A federal three-judge panel has blocked Alabama from using a congressional map favored by Republicans, keeping in place a court-ordered redistricting plan that includes two majority-Black districts. The ruling deals a setback to GOP efforts to preserve a single Democratic-leaning seat and could affect the party’s chances of gaining an additional House seat in next year’s elections.

The decision centers on Alabama’s attempt to return to a 2023 congressional map that judges had previously rejected as racially tainted. According to reporting from Politico and ABC News, the state’s Republican leaders had hoped to reimpose that map after the Supreme Court sent the case back to lower court review, but the panel instead ruled that Alabama must continue using a map with two majority-Black districts that are expected to lean Democratic.[1][2]

The case is part of a broader national struggle over congressional district lines, race, and partisan advantage.

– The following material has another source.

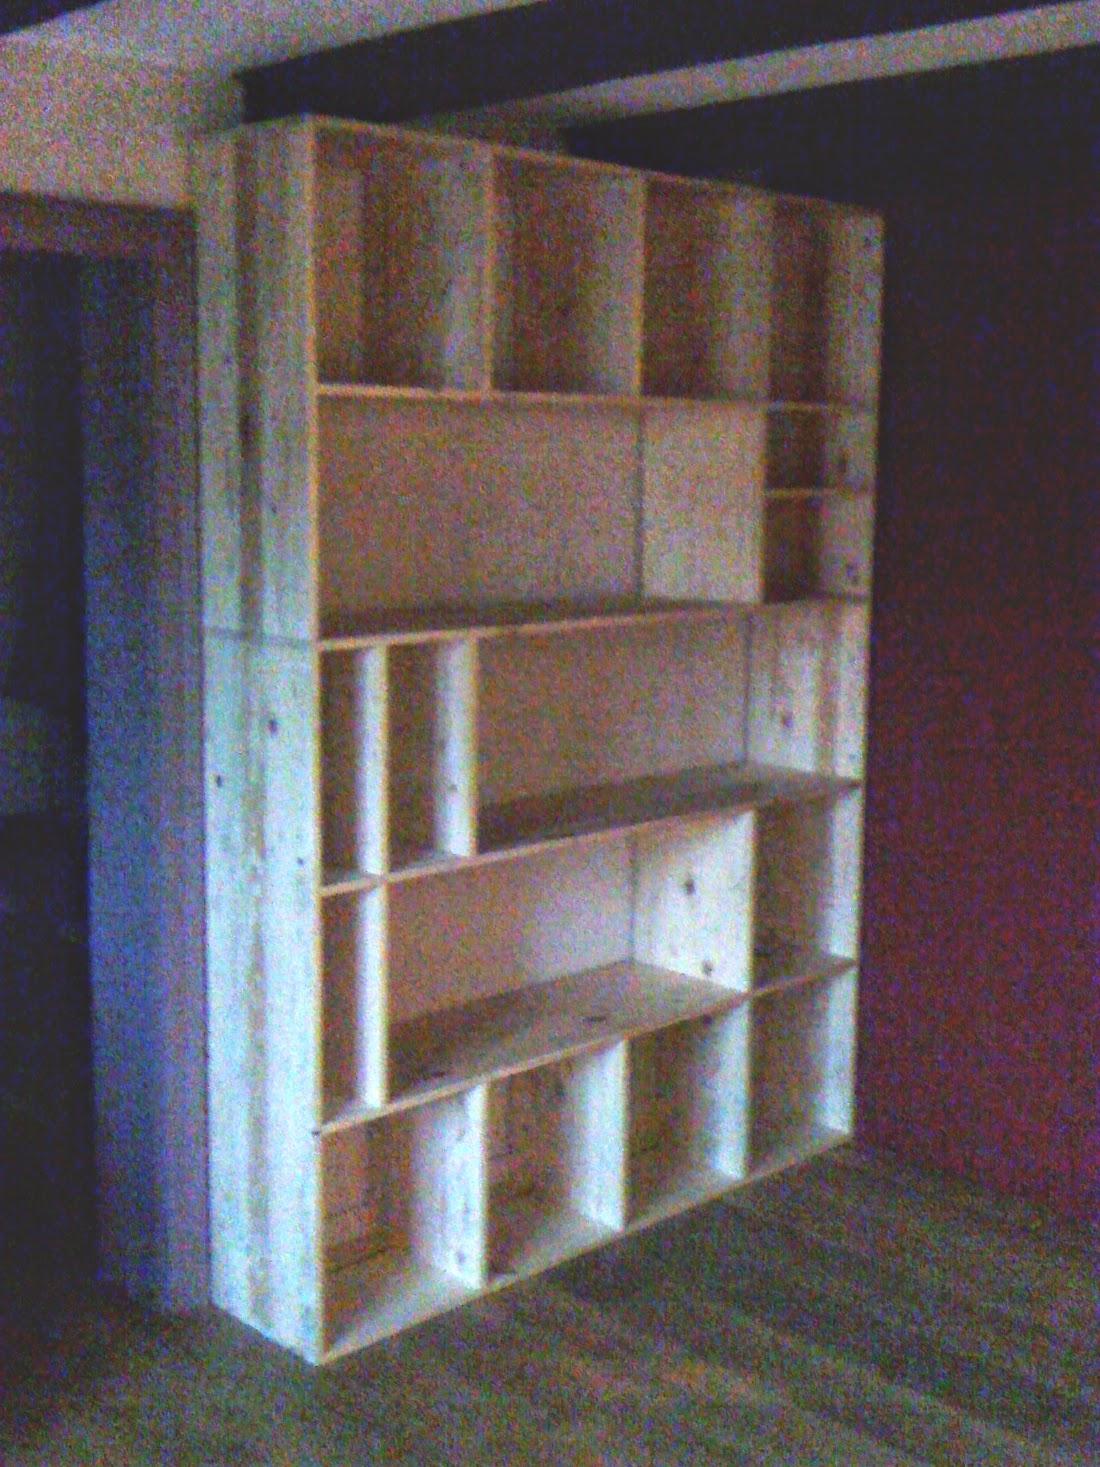 palettes de solutions strasbourg biblioth que palettes 1 60x2 20m. Black Bedroom Furniture Sets. Home Design Ideas

Alabama’s Republican-controlled legislature drew the 2023 map in a way that critics said diluted Black voting power by concentrating Black voters into too few districts. Civil rights advocates and opponents of the map argued that the configuration violated the Voting Rights Act by weakening the ability of Black Alabamians to elect representatives of their choice.[1]

Judges had already found the earlier map problematic, and this week’s order reinforces that view. Politico reported that the three-judge panel concluded Alabama had not shown a convincing reason to revert to the disputed 2023 plan, especially given the tight election timeline.[1] ABC News likewise reported that the court unanimously barred the state from using the GOP-friendly map for the coming election cycle.[2]

The ruling appears to preserve the status quo for now: Alabama will proceed under the map that creates two majority-Black districts instead of the configuration preferred by state Republicans. That decision is likely to shape the state’s House delegation and may prove important beyond Alabama, since the dispute reflects how federal courts are still sorting out the impact of recent Supreme Court decisions on redistricting and the Voting Rights Act.[1]

Republicans had argued that the revised map would better reflect political geography and previous court guidance, but the panel rejected that approach in the current election context.[1] The immediate practical effect is that Alabama will not be able to switch to the GOP-favored congressional lines before voters go to the polls, limiting the party’s ability to gain a redistricting edge through the courts.

The dispute remains a significant test of how far states can go in drawing district boundaries that shape election outcomes, especially when those lines intersect with race and federal voting protections. For Alabama, the ruling means continued use of a map designed to ensure greater Black representation in Congress, while for national Republicans it is another setback in a closely watched fight over House control.